Cancer attacking a cell in the colon © Shutterstock

Colorectal cancer (CRC) is the third most common cancer worldwide and the fourth leading cause of cancer-related deaths. For patients, current therapy primarily entails surgical removal of the tumour and chemotherapy, to which tumours are variably responsive.

The immune system can be a double-edged sword in cancer because it can both combat and contribute to tumour development. The Powrie Group at the Kennedy Institute of Rheumatology were interested understanding the role of molecule IL-22, produced by immune cells, and to identify mechanisms by which it might influence CRC.

Their research published in Clinical Cancer Research found a link between the receptor for IL-22 and a mutation in the gene KRAS, showing that they work cooperatively to promote excessive growth and division of tumour cells. This is hypothesised to explain why prognosis is significantly worse for patients whose tumours have both a mutation in KRAS and high expression of the IL-22 receptor.

"IL-22 is critical in maintaining immune homeostasis by triggering the release of anti-microbial substances and the healthy turnover of the cells that line the gut," said Beth Mann, Postdoc Researcher in Gut T Cell Regulation at the Kennedy Institute for Rheumatology, University of Oxford. "Nonetheless, there is growing evidence that IL-22 can be detrimental by promoting excessive proliferation of tumour cells. We have shown this to be particularly true for cancer cells that have a mutation in the gene KRAS, which is present in 40-45% of colorectal tumours."

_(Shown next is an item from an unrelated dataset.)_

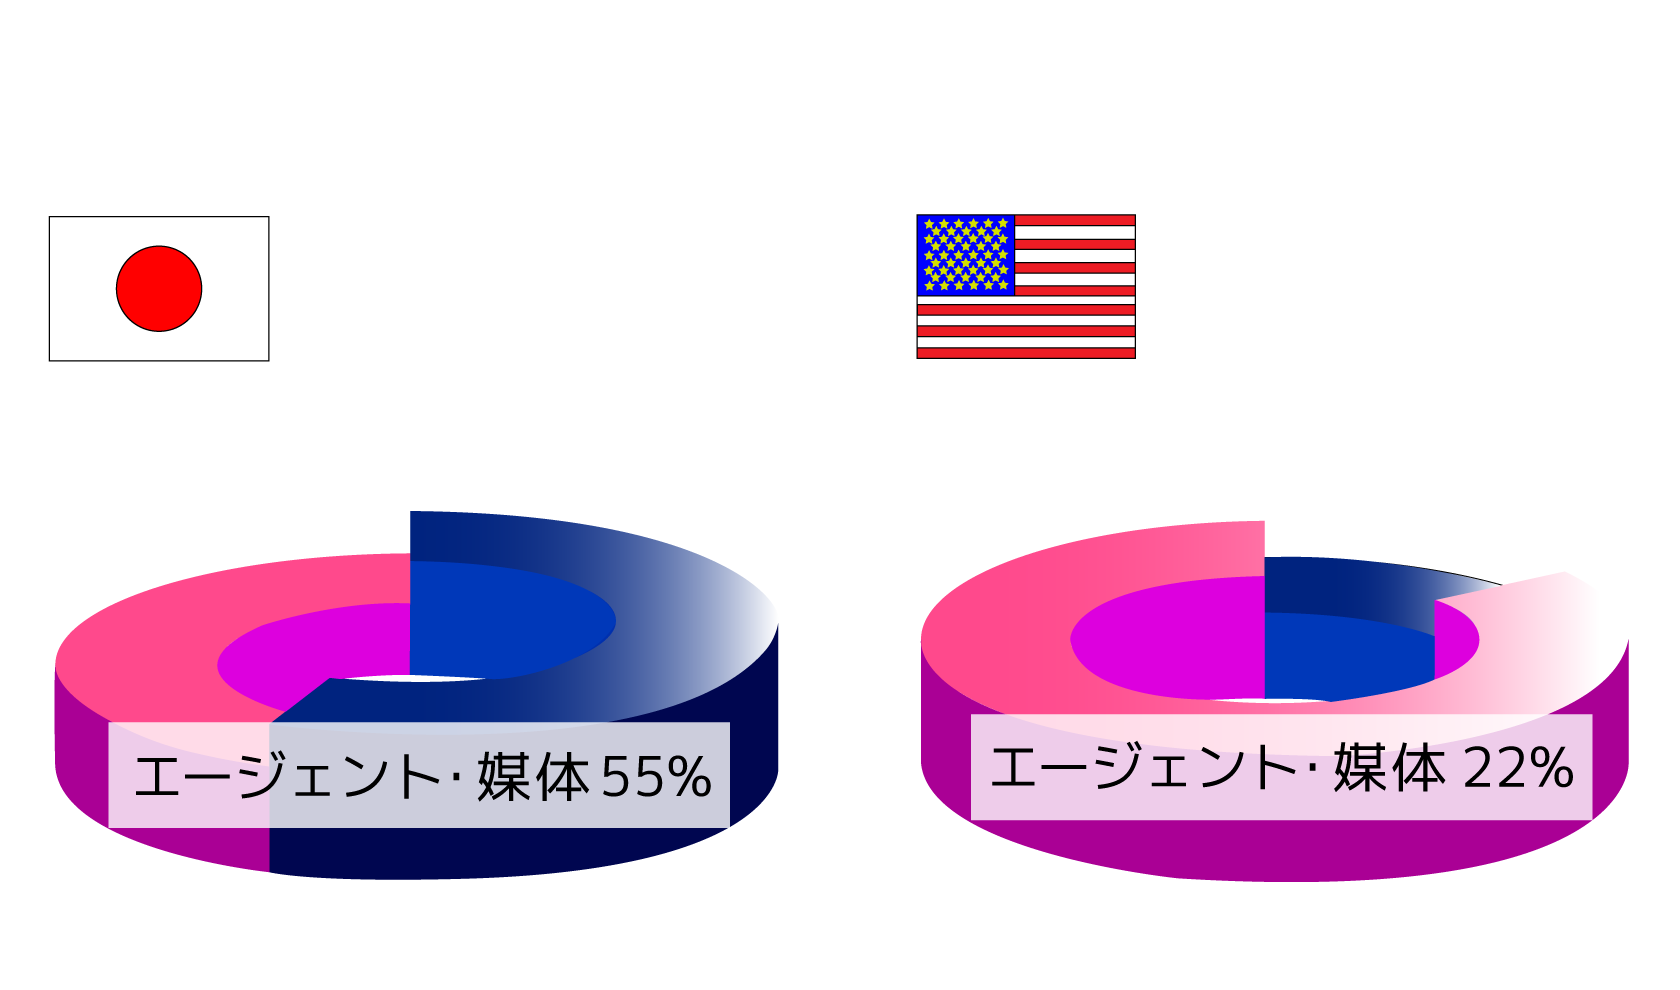 Japan Agents&Media 55%, US Agents&Media 23%

KRAS-mutant tumours are particularly poorly responsive to certain standard therapies and despite considerable efforts, the development of KRAS inhibitors has been largely unsuccessful. These latest results mean that for patients whose tumours have a KRAS mutation and high amounts of IL-22 receptor closer monitoring and more aggressive or alternative therapy strategies (like blocking IL-22) may be beneficial.

The research was primarily funded by an 'Experimental Medicine Challenge Grant' from the MRC and CRUK Grand Challenge funding (OPTIMISTICC).